Anyway, I think chapter 3 is appropriate for IRlist digest, and I would
really appreciate critique, comments, criticisms, etc.
By the time this paper is distributed, the links between chunet and
csnet, and chunet and arpa should make my e-mail address:
wyle@ifi.ethz.chunet.csnet or
wyle@ifi.ethz.chunet.arpa
but the old addresses:
...!decvax!seismo!mcvax!cernvax!ethz!Wyle
Wyle%ifi.ethz.cernvax.<many domains>
should still work ok.
Without further ado, here is the current DRAFT of my conspectus paper:
[Note: I have included part of section 1, and section 4 (bibliography)

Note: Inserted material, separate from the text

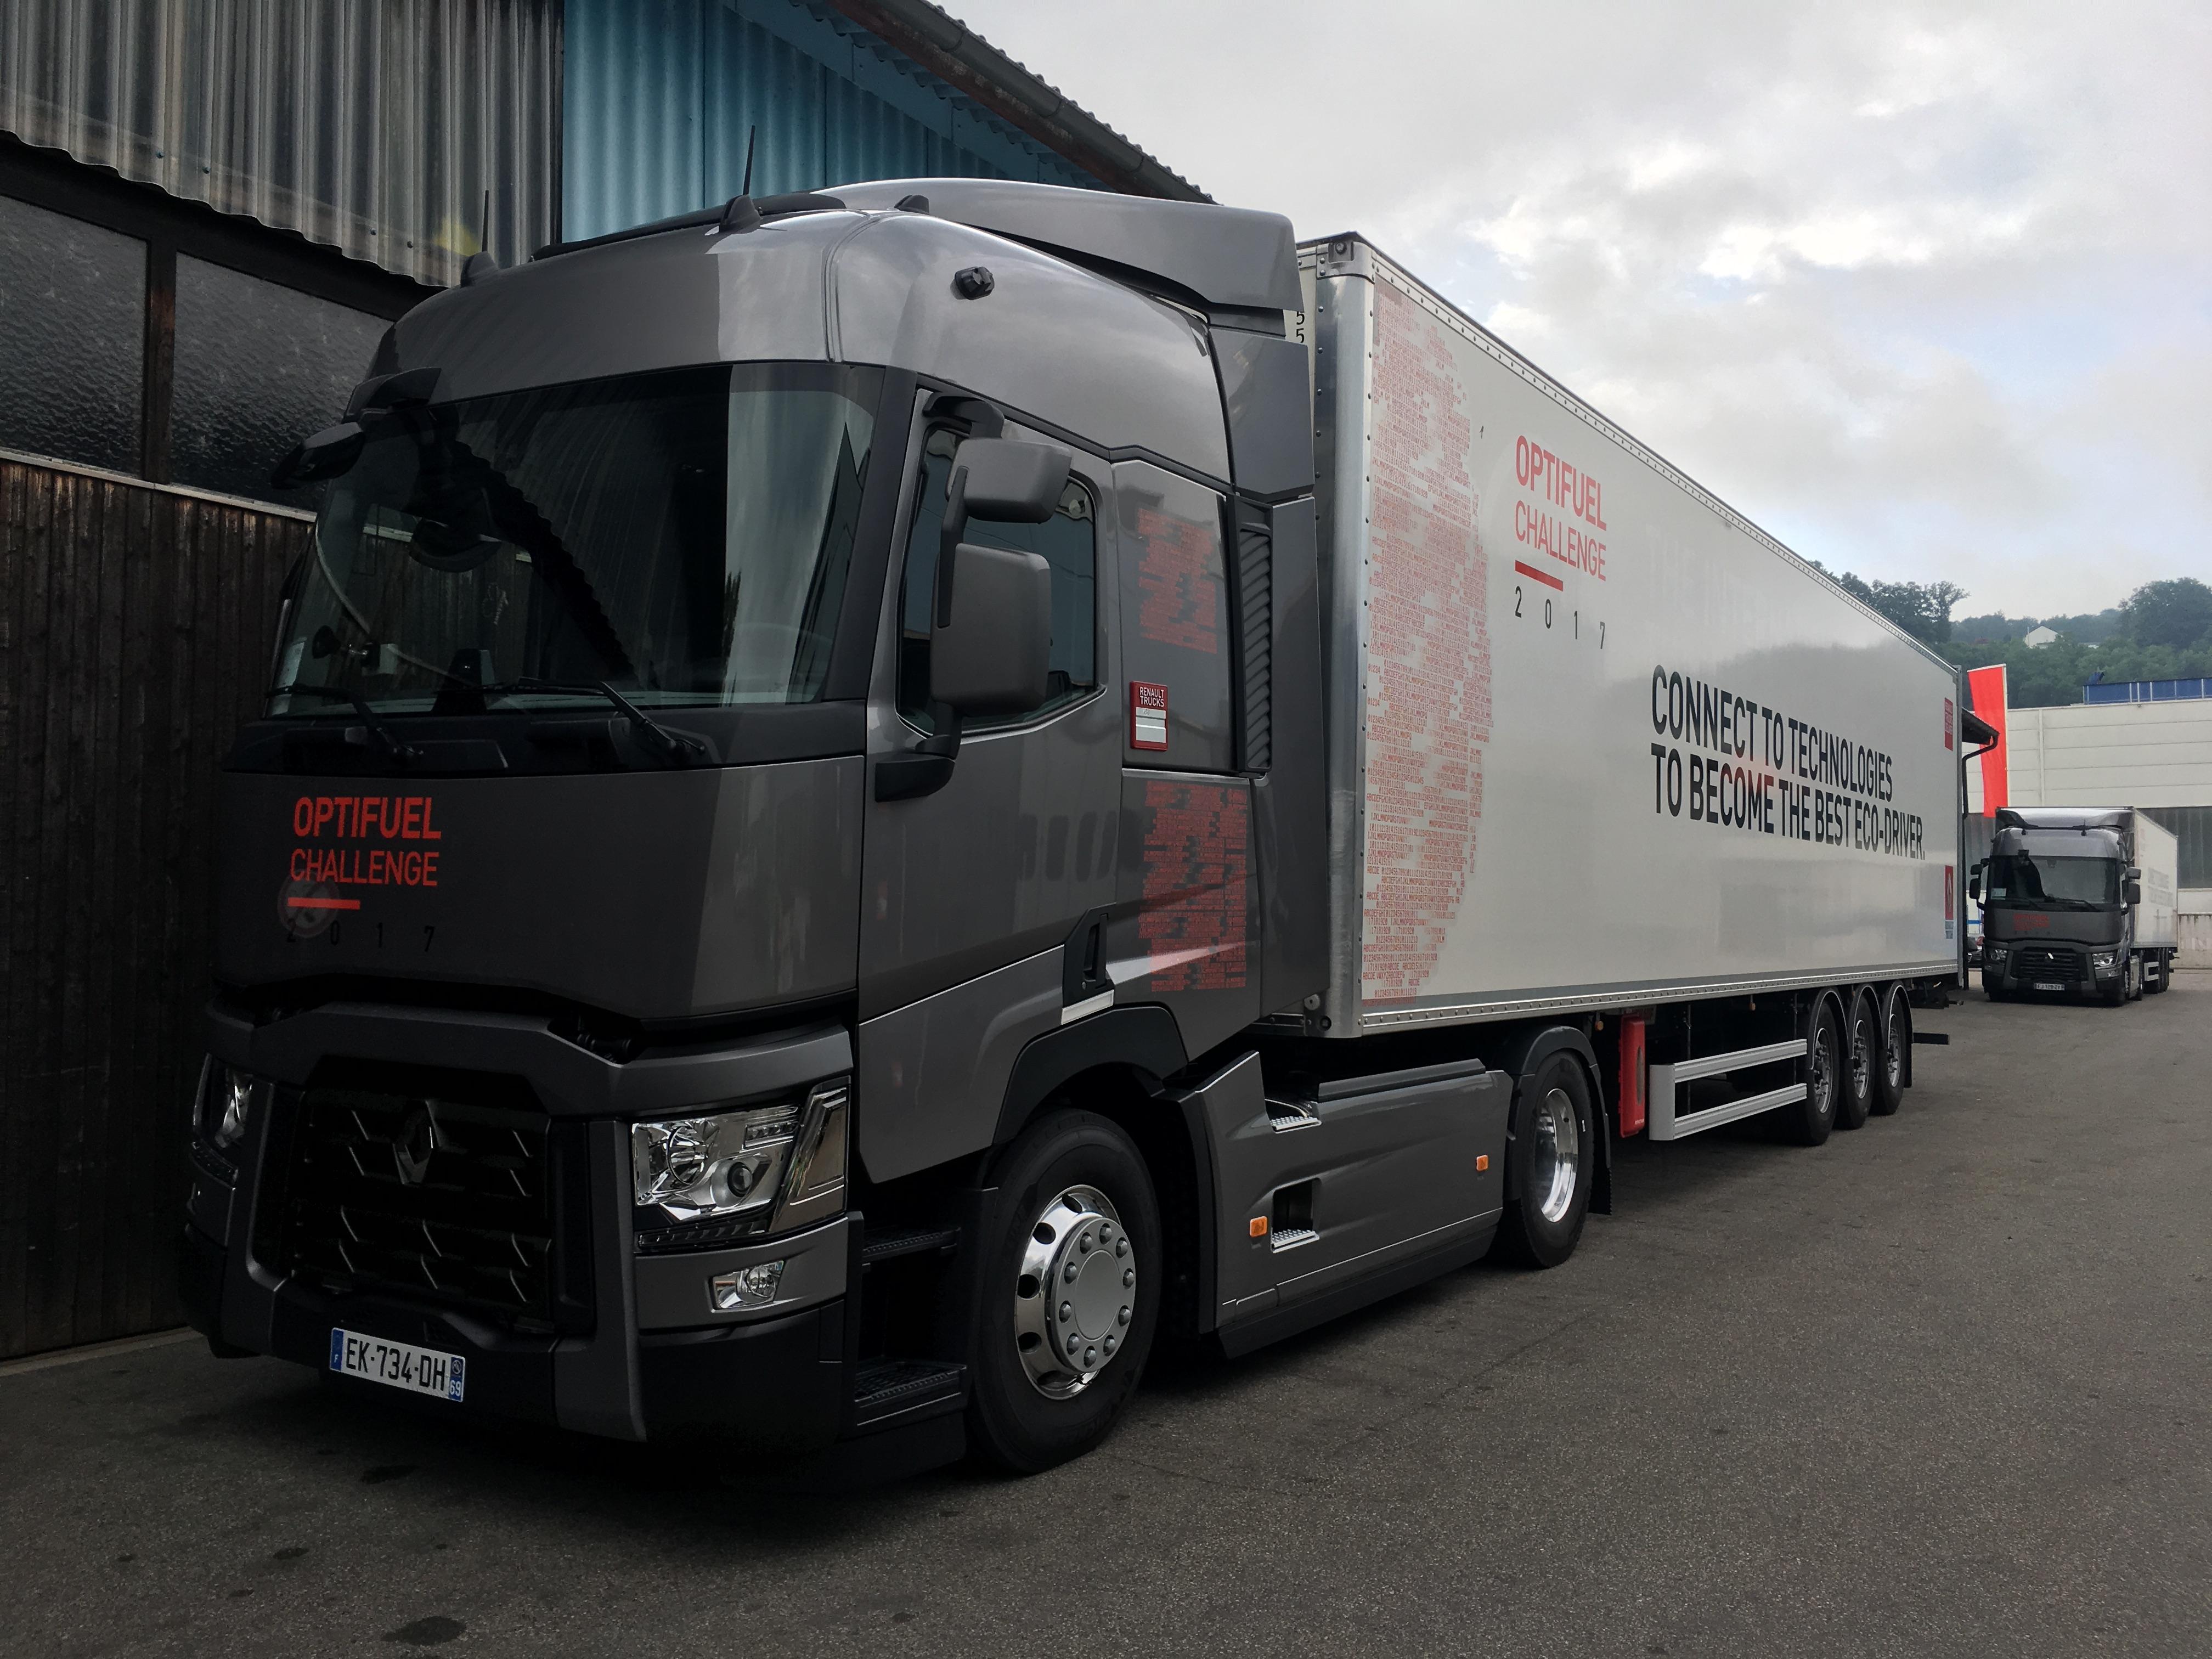 Renault Trucks Optifuel Challenge 2017

as well as an aid to the reader. I have left in ^L (formfeeds) for
those who print these out and hope that won't hurt others. - Ed]
Automatic Indexing of Text For Information Retrieval: A Conspectus
M.F. Wyle
Institut fuer Informatik
Swiss Federal Institute of Technology
ETH / SOT
8092 Zuerich, Switzerland
1. Introduction
The problems of indexing text have been in human civilization since the
earliest collections of written language. It is not possible to
read everything we would like, nor to find the specific things we would
like to read. In our current information revolution, it is becoming
much easier to store and process larger and larger amounts of text. As
the quantity of text increases, the quality of its indexing must also
increase, in order to discriminate between the concepts contained in the
different texts. It is not clear that the quality of current indexing
methods is adequate to meet the challenge created by our information
revolution.
In this paper, we shall try to summarize the current state of indexing
methods and research. This first section is a very brief summary of
what automatic indexing is, and our perception of current indexing
methods. The second section summarizes recent publications, and the
final section outlines possible directions of future research.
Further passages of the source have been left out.